*** Opening Dataset section ***
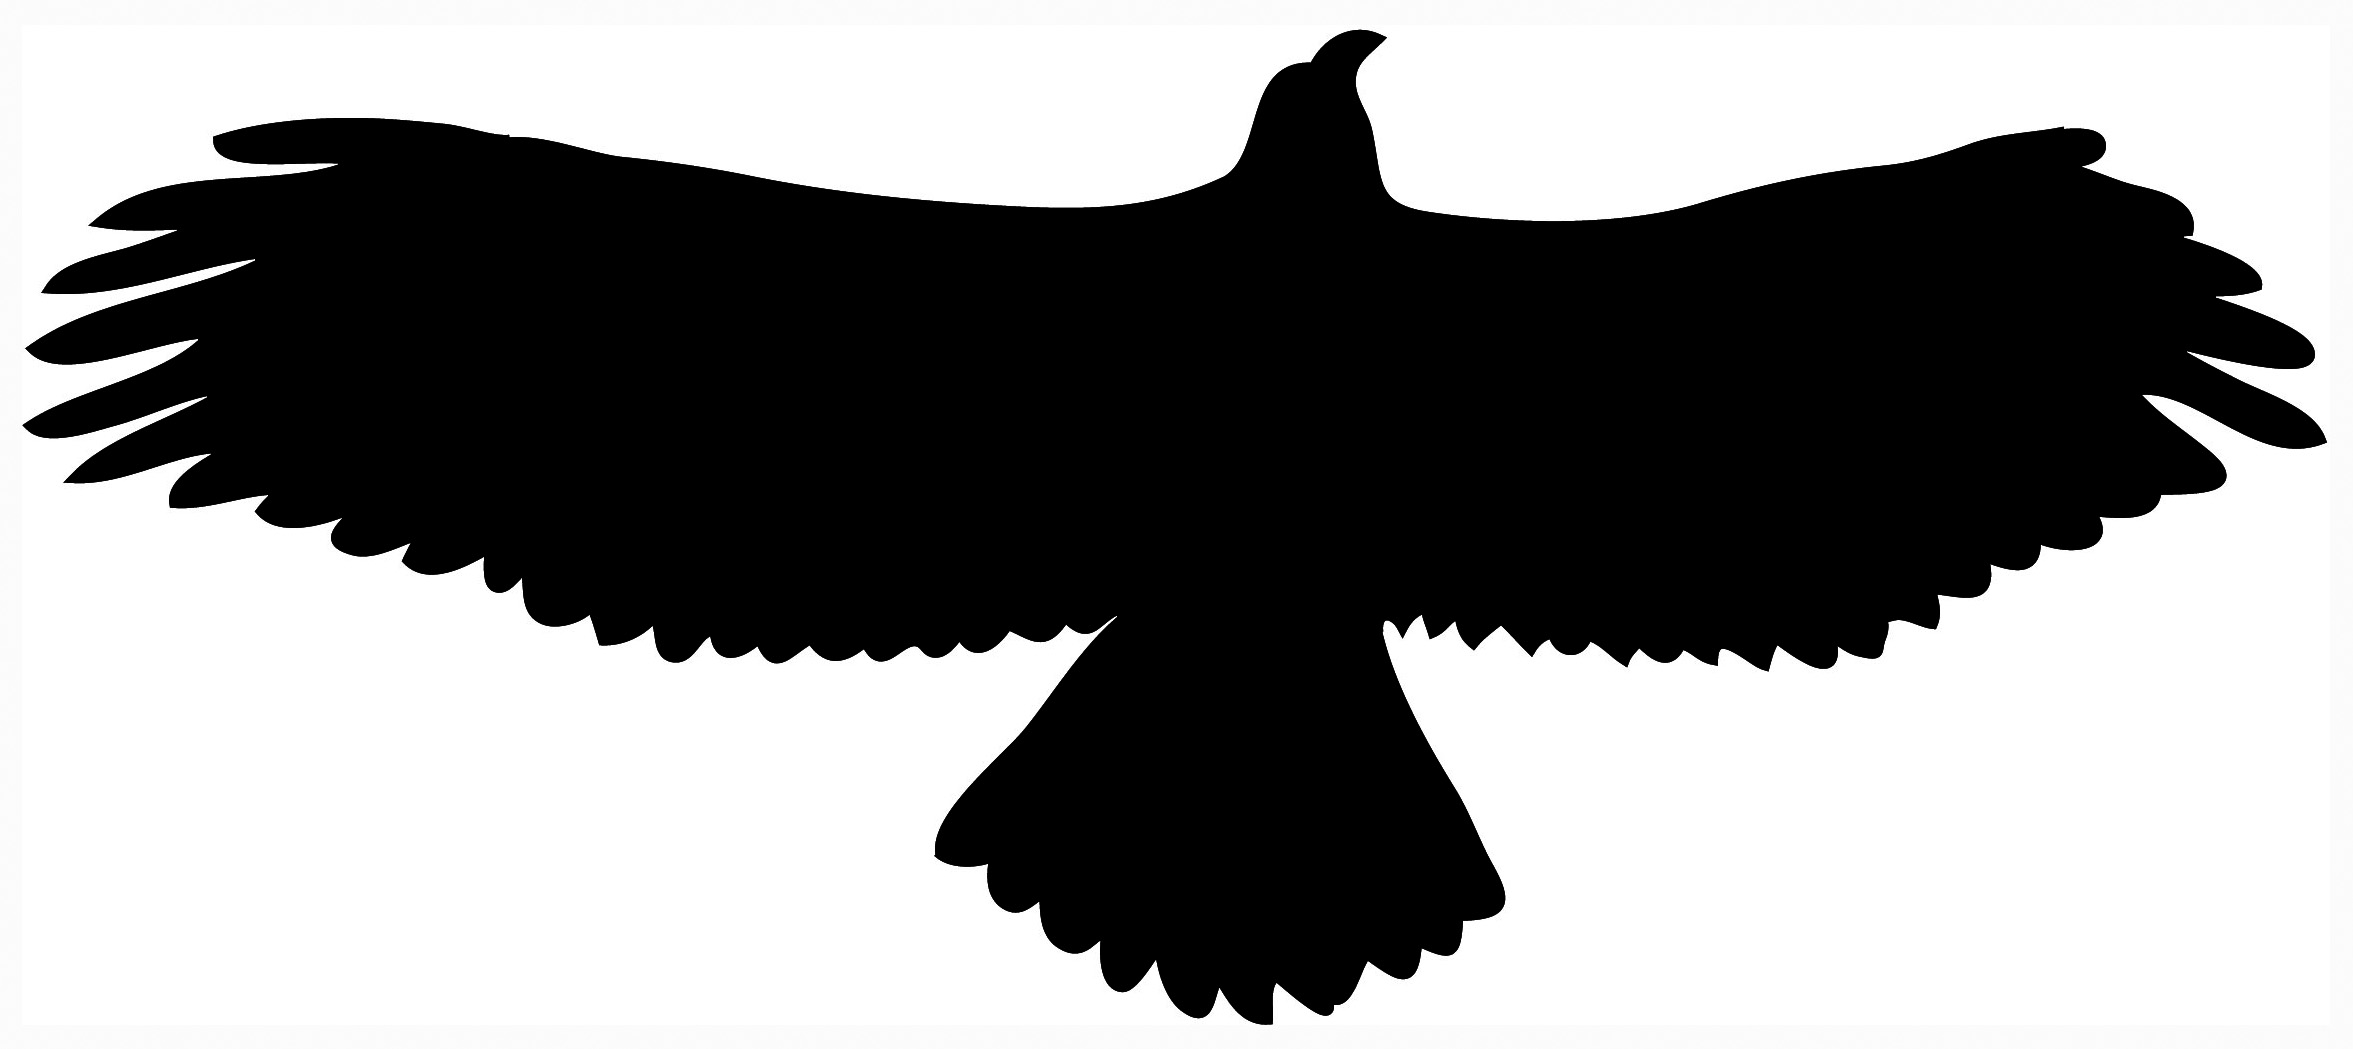 flying eagle clip art free download - photo #33
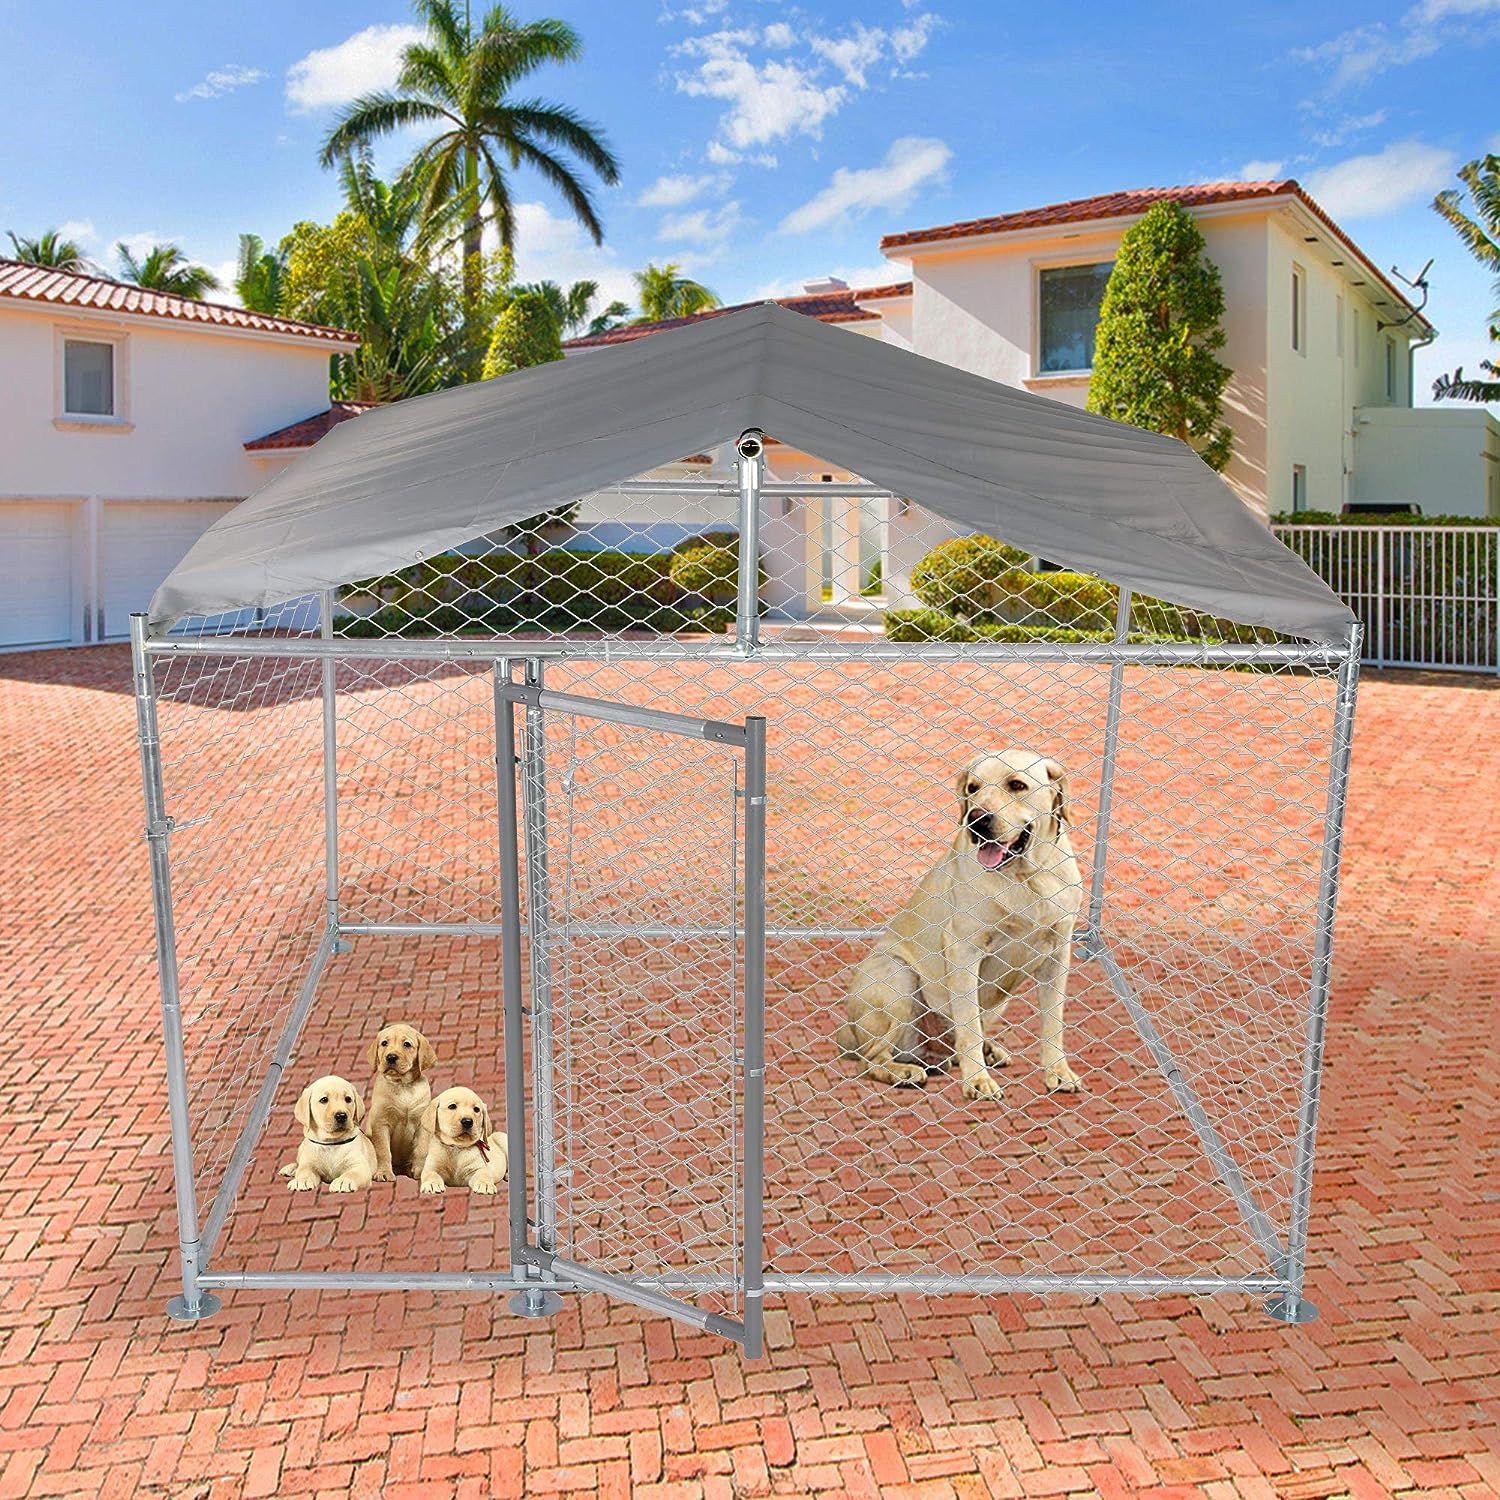 6.5'x6.5'x5' Outdoor Dog Kennel Galvanized Steel Pet Playpen with Waterproof Cover Secure Lock for Large Dog
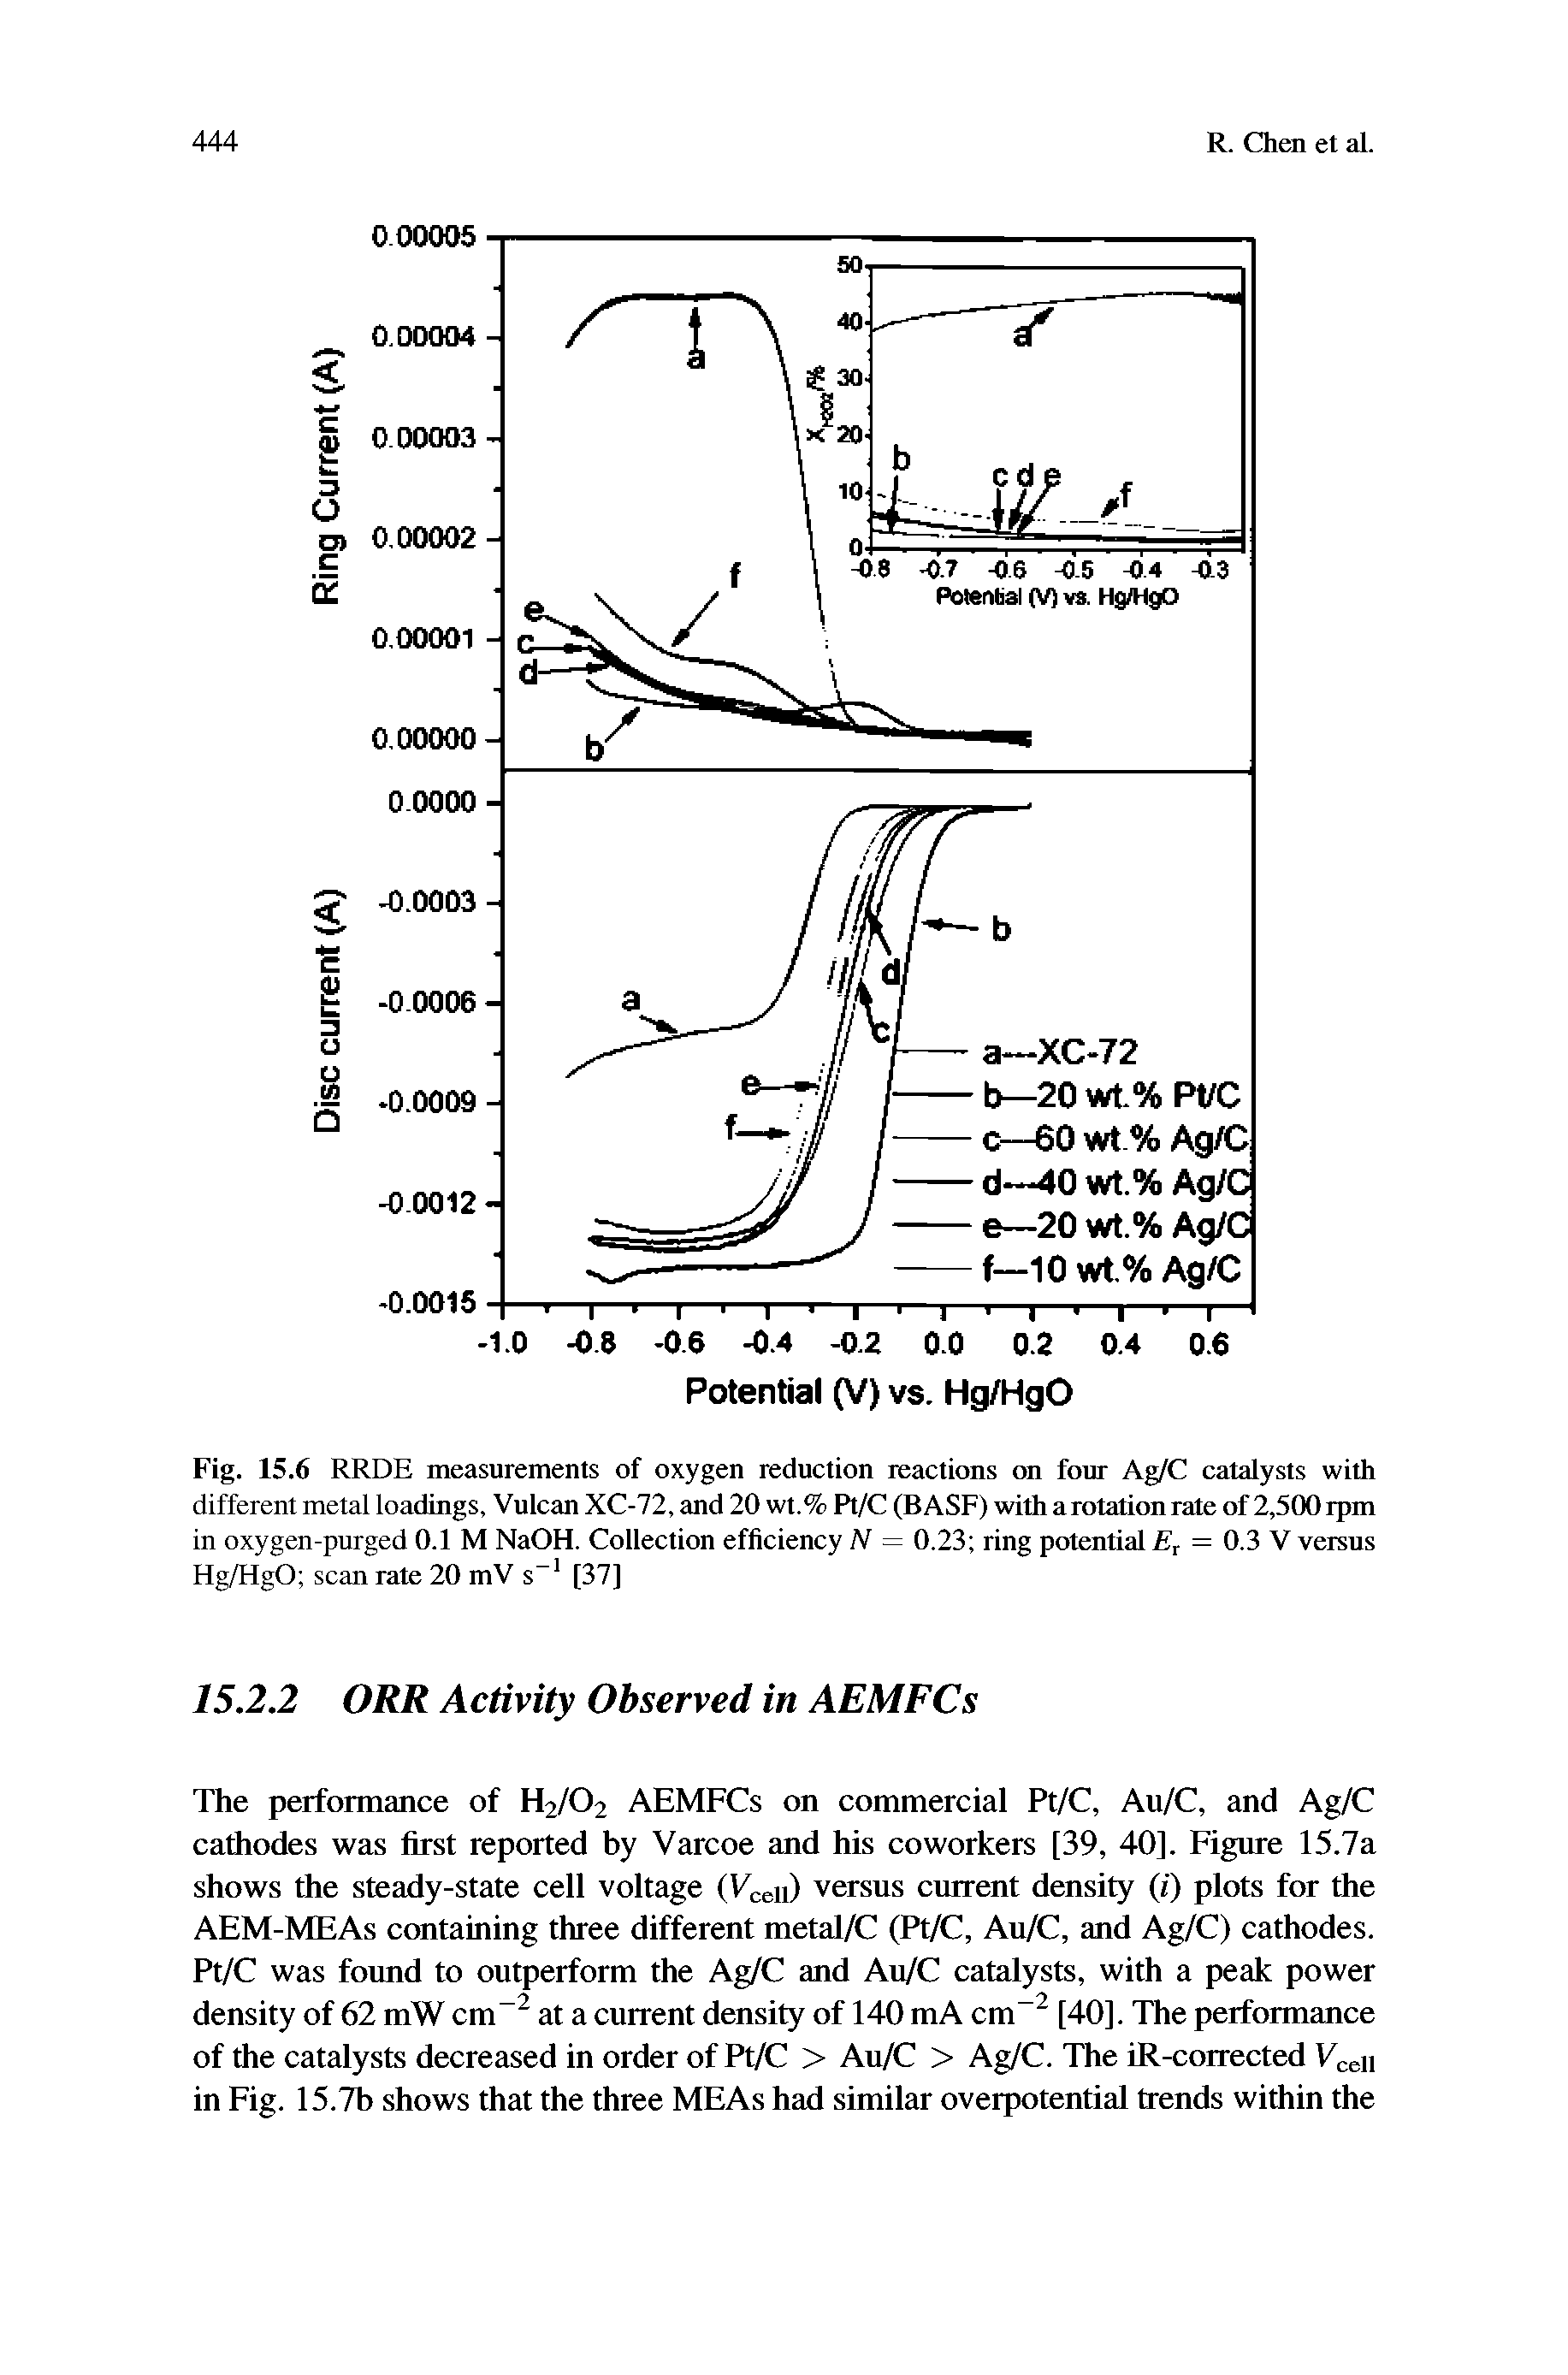 Fig. 15.6 RRDE measurements of oxygen reduction reactions on four Ag/C catalysts with different metal loadings, Vulcan XC-72, and 20 wt.% Pt/C (BASF) with a rotation rate of2,500rpm in oxygen-purged 0.1 M NaOH. Collection efficiency N = 0.23 ring potential , = 0.3 V versus Hg/HgO scan rate 20 mV s [37]...
*** Closing Dataset section ***
#### To do
Please copy, exactly and only, the lines of the listing that run from the one holding "6.5'x6.5'x5' Outdoor Dog" through its last line, and exclude pictures.

#### Task output
 6.5'x6.5'x5' Outdoor Dog Kennel Galvanized Steel Pet Playpen with Waterproof Cover Secure Lock for Large Dog
 Fig. 15.6 RRDE measurements of oxygen reduction reactions on four Ag/C catalysts with different metal loadings, Vulcan XC-72, and 20 wt.% Pt/C (BASF) with a rotation rate of2,500rpm in oxygen-purged 0.1 M NaOH. Collection efficiency N = 0.23 ring potential , = 0.3 V versus Hg/HgO scan rate 20 mV s [37]...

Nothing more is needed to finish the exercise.